The bill greatly increases price and billing transparency and strengthens patient protections (estimates, itemized bills, cash‑pay rights, data for plan oversight) but does so at the cost of substantial compliance, IT, privacy, and legal burdens—especially for smaller or rural providers—which may raise costs or disrupt access unless implementation carefully mitigates those burdens.
Patients (insured, uninsured, low-income and chronic-condition patients) receive standardized, timely, itemized EOBs and provider bills showing services, codes, plan payments, patient cost‑sharing, and progress toward deductibles/out‑of‑pocket limits, and are protected from collections until required itemized bills are provided.
Consumers (including uninsured and cash‑pay patients) gain broad price transparency—monthly, machine‑readable disclosures of hospital, lab, imaging, and ASC prices and payer‑negotiated rates—and the ability for cash‑pay patients to pay published discounted/minimum cash prices as payment in full.
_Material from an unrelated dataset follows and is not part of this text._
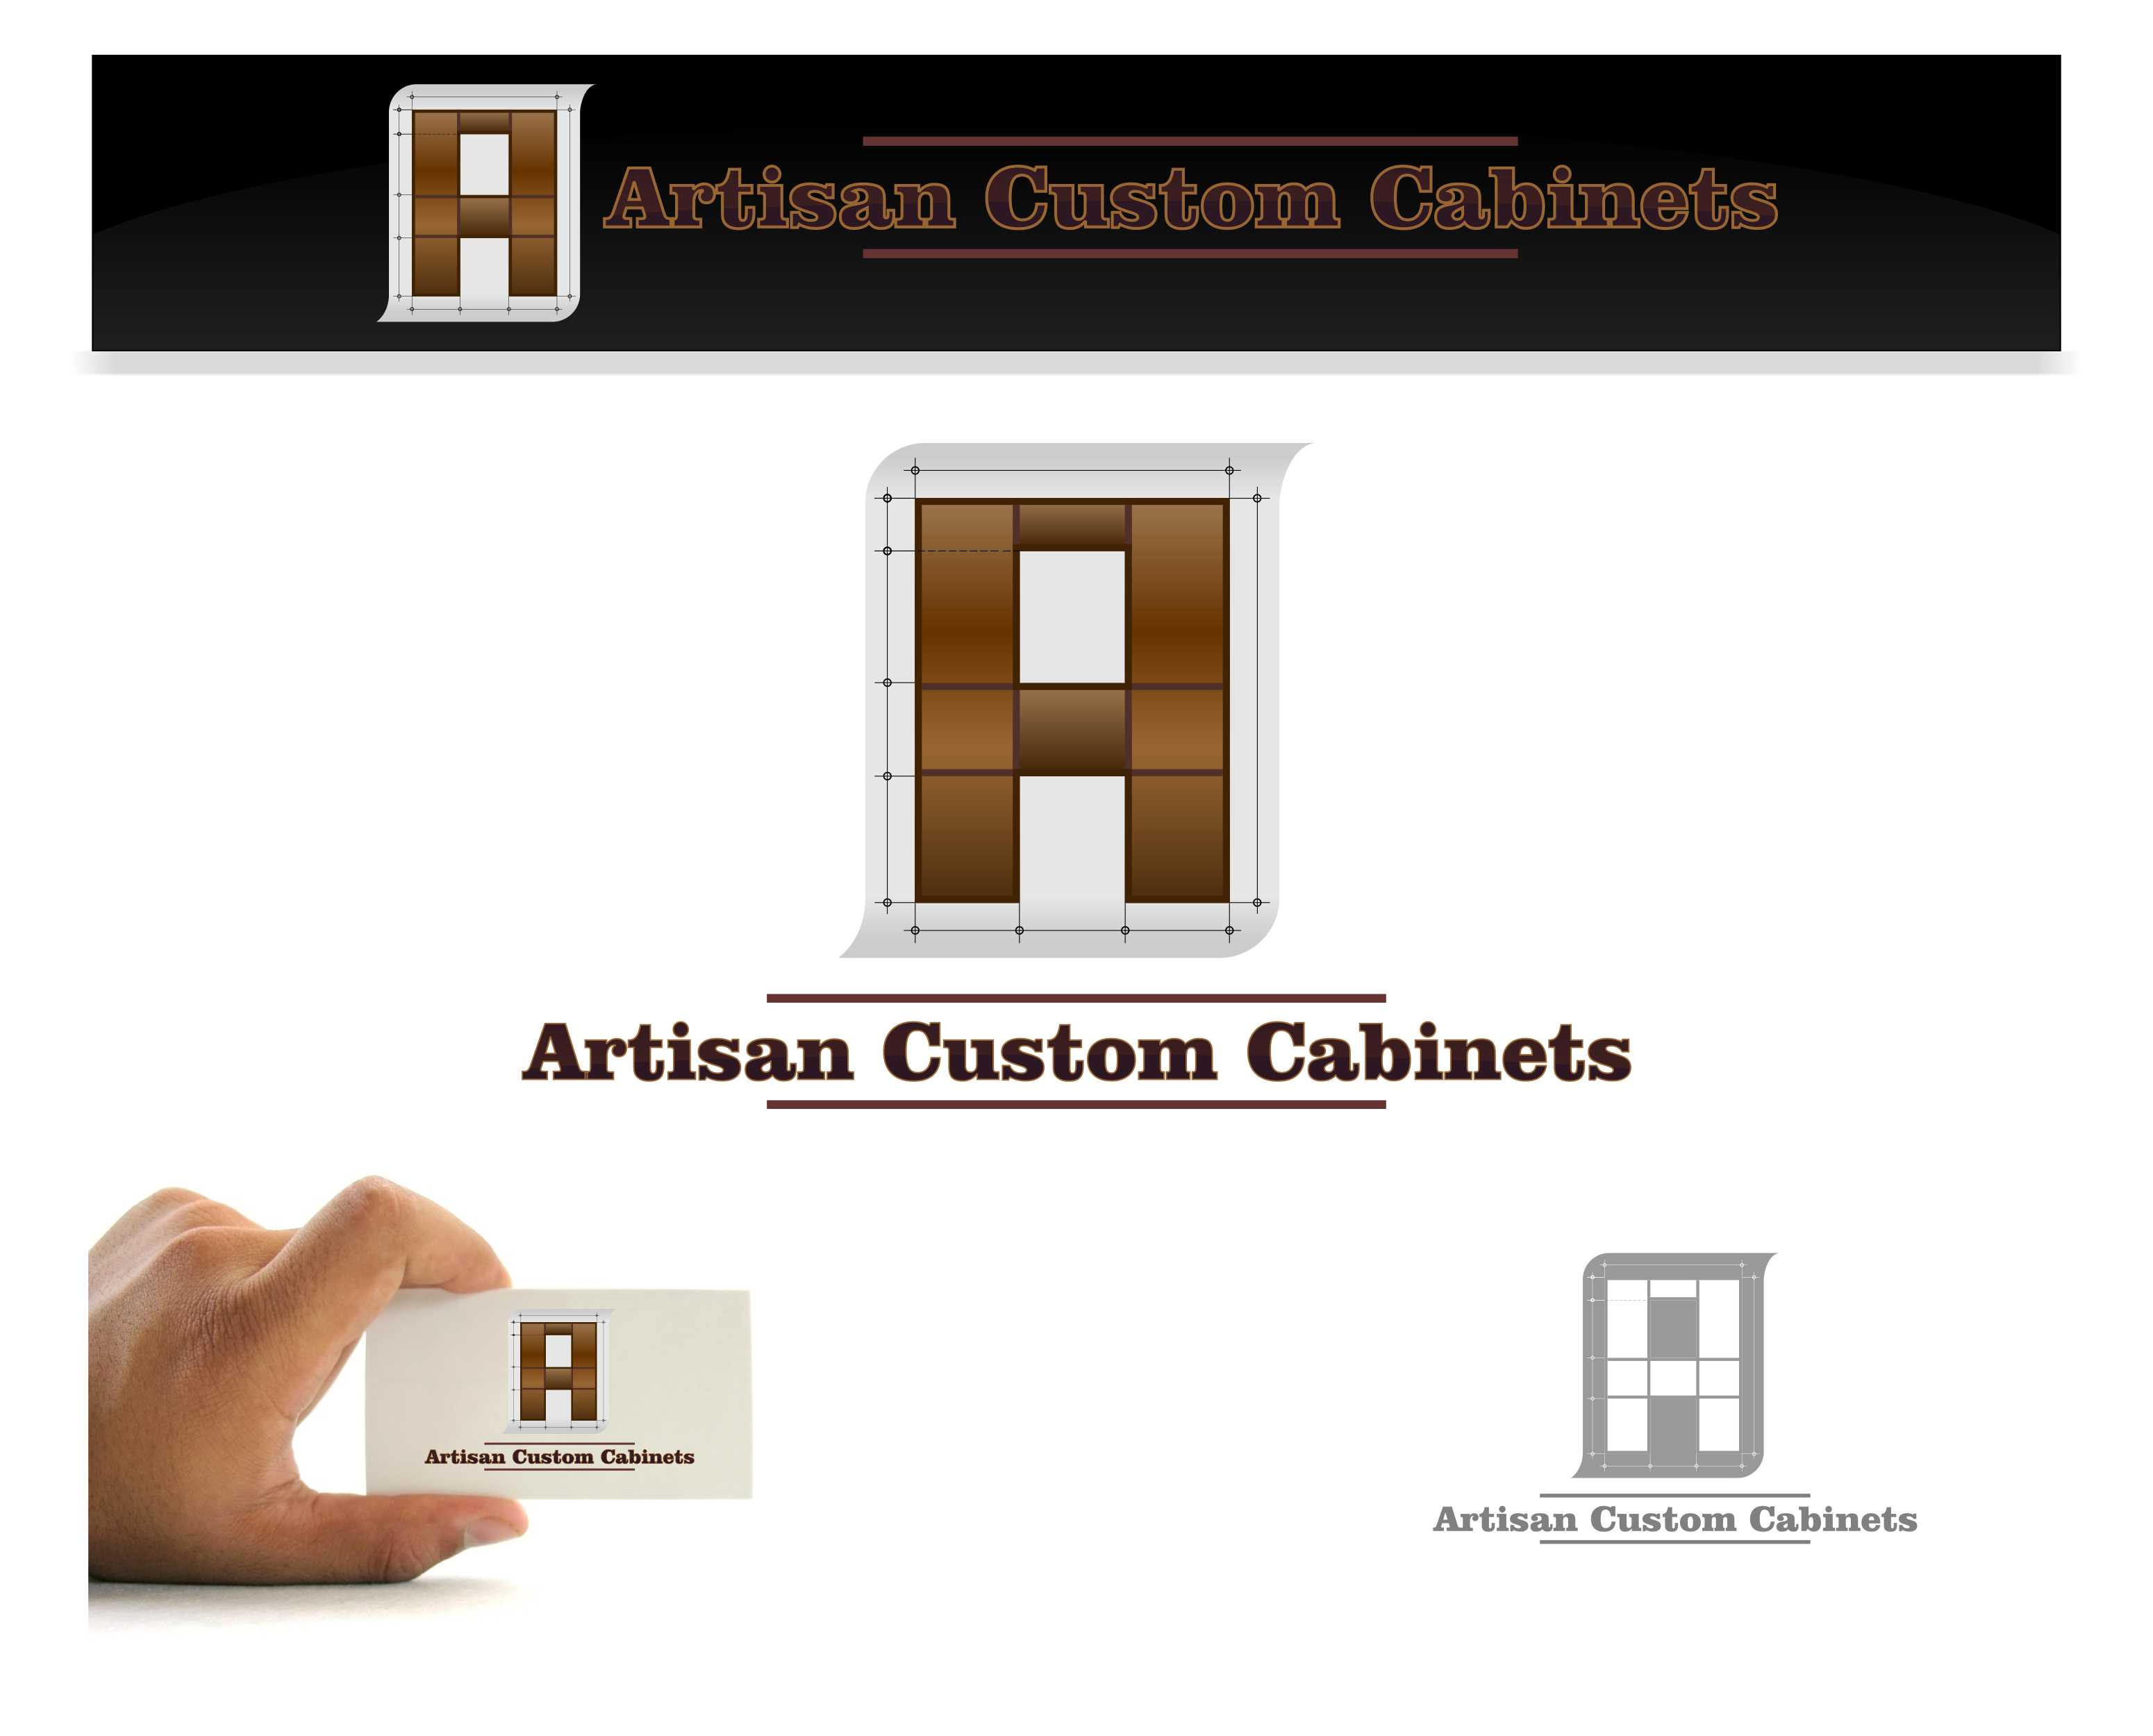 Logo Design by joca - Entry No. 31 in the Logo Design Contest Creative Logo Design for Artisan Custom Cabinets.

Members and patients get clearer advance cost estimates and visibility into remaining deductibles/out‑of‑pocket maximums, plus a 'hold‑harmless' protection when estimates understate final charges, helping avoid unexpected bills for planned care.
Hospitals, providers, labs, ASCs, insurers, PBMs and plan service vendors face substantial new administrative, IT, legal, and reporting costs to compile, standardize, and publish detailed price, contract, and claims data—costs that are likely to be passed on to patients, employers, or taxpayers.
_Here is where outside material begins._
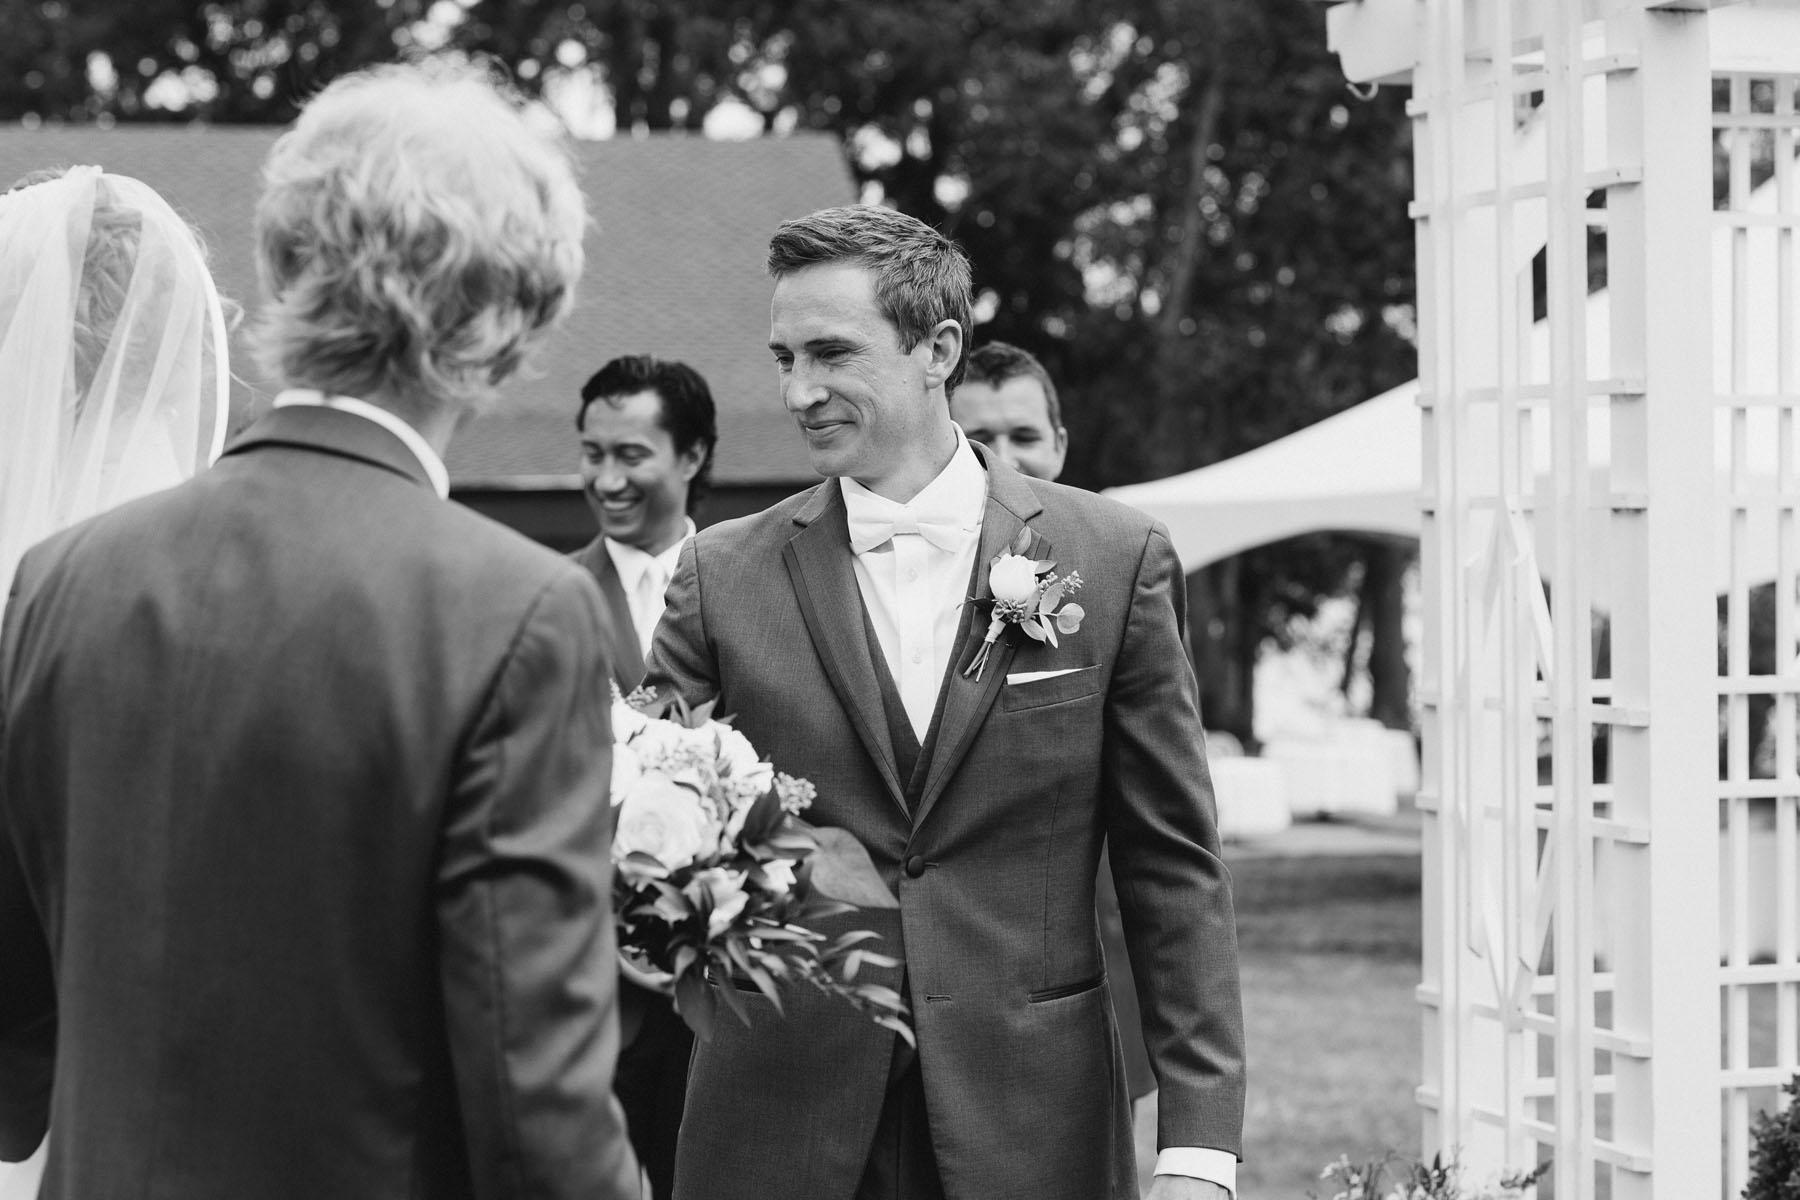 thetis-island-wedding-photographer-rp-rn-075.jpg

Small, rural, and safety‑net providers, labs, and ASCs may struggle to meet technical and timing requirements (machine‑readable files, 30‑day itemized bills, daily/annual updates), risking heavy penalties, cash‑flow problems, or reduced local access to services.
Expanded access to and sharing of PHI without individual authorization for plan administration increases privacy and autonomy risks—if safeguards fail this could enable improper profiling or unwanted secondary uses of health data.
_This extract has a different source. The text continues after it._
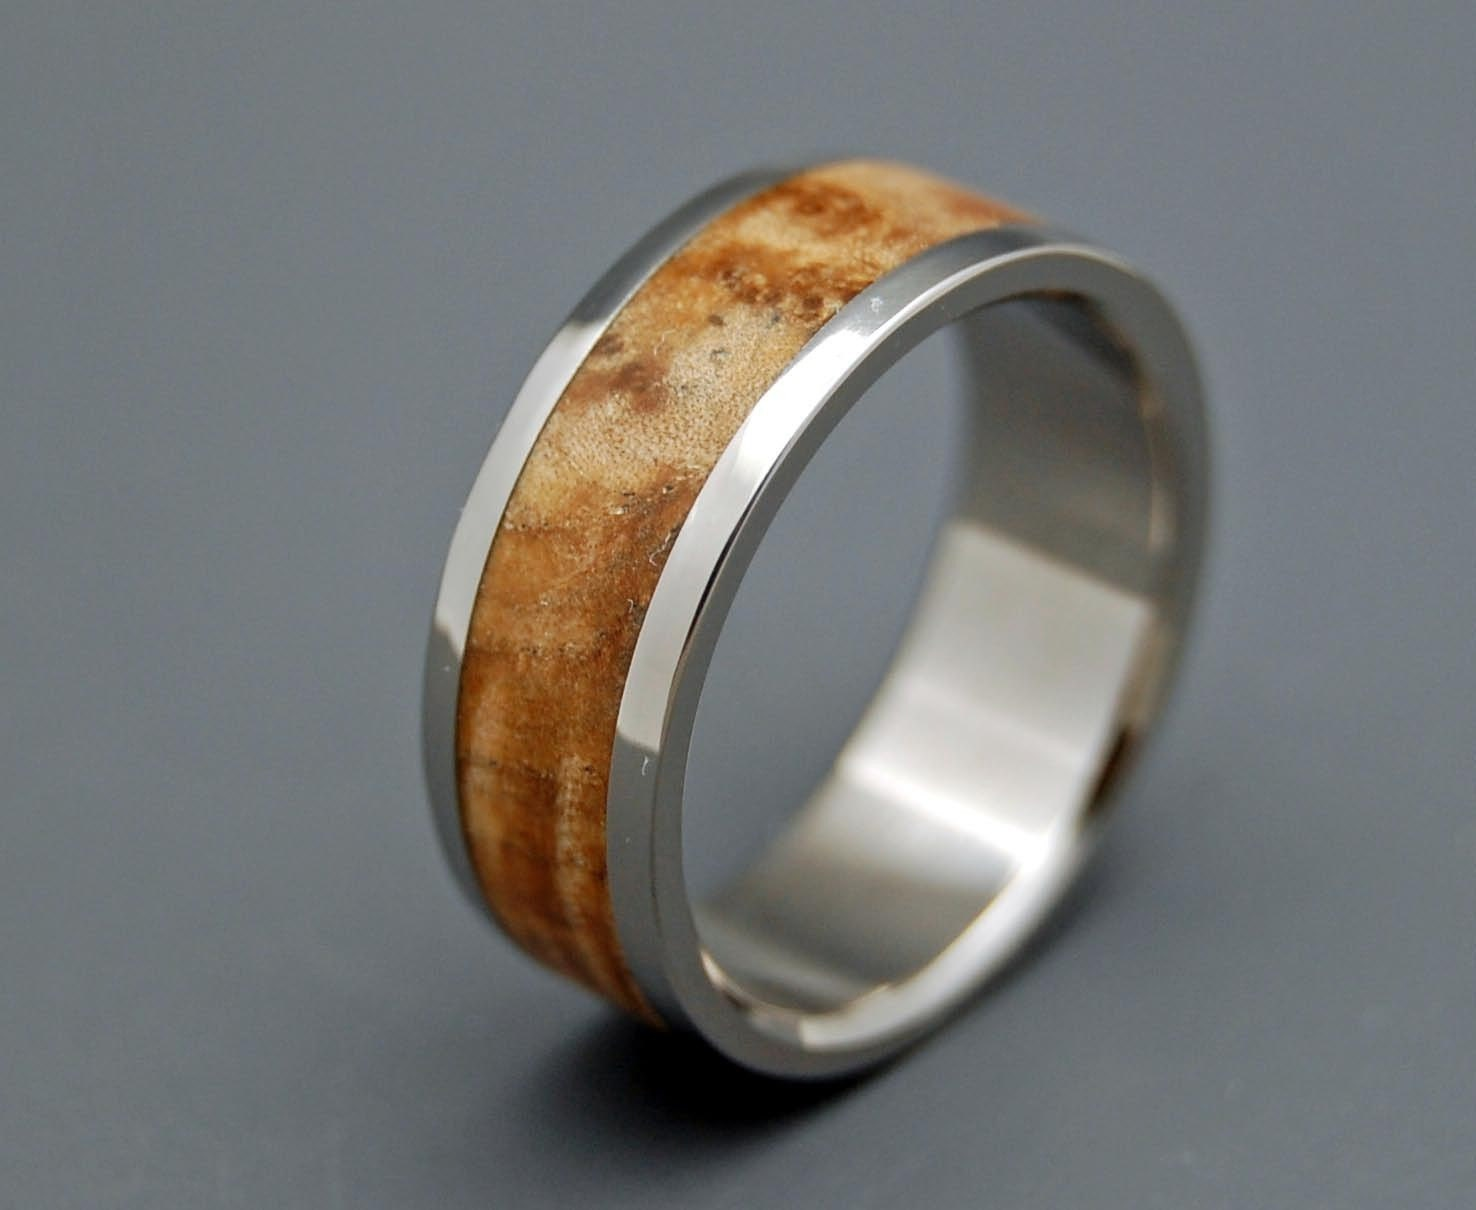 woodstock wooden wedding rings by minterandrichterdes on etsy With wood wedding rings etsy

Based on analysis of 11 sections of legislative text.
Creates broad item-level price transparency, EOB and billing rules, required machine-readable price files, enhanced plan access to claims/PHI, and penalties for noncompliance.
Introduced July 17, 2025 by Roger Wayne Marshall · Last progress July 17, 2025
Requires broad, detailed health care price transparency and stronger patient billing rules: plans, insurers, hospitals, laboratories, imaging providers, ambulatory surgical centers, and many other health care entities must publish itemized prices, billing codes, and consumer-friendly explanations in machine-readable and consumer-facing formats. Patients must receive timely explanation-of-benefits notices and itemized bills before collection actions; plans gain more access to claims and supporting data (with privacy safeguards). The bill creates civil penalties and requires agencies to issue standards and formats, with staggered effective dates (some rules start Jan 1, 2026; many publishing and data rules begin Jan 1 or July 1, 2027; other reporting timelines begin 1–2 years after enactment).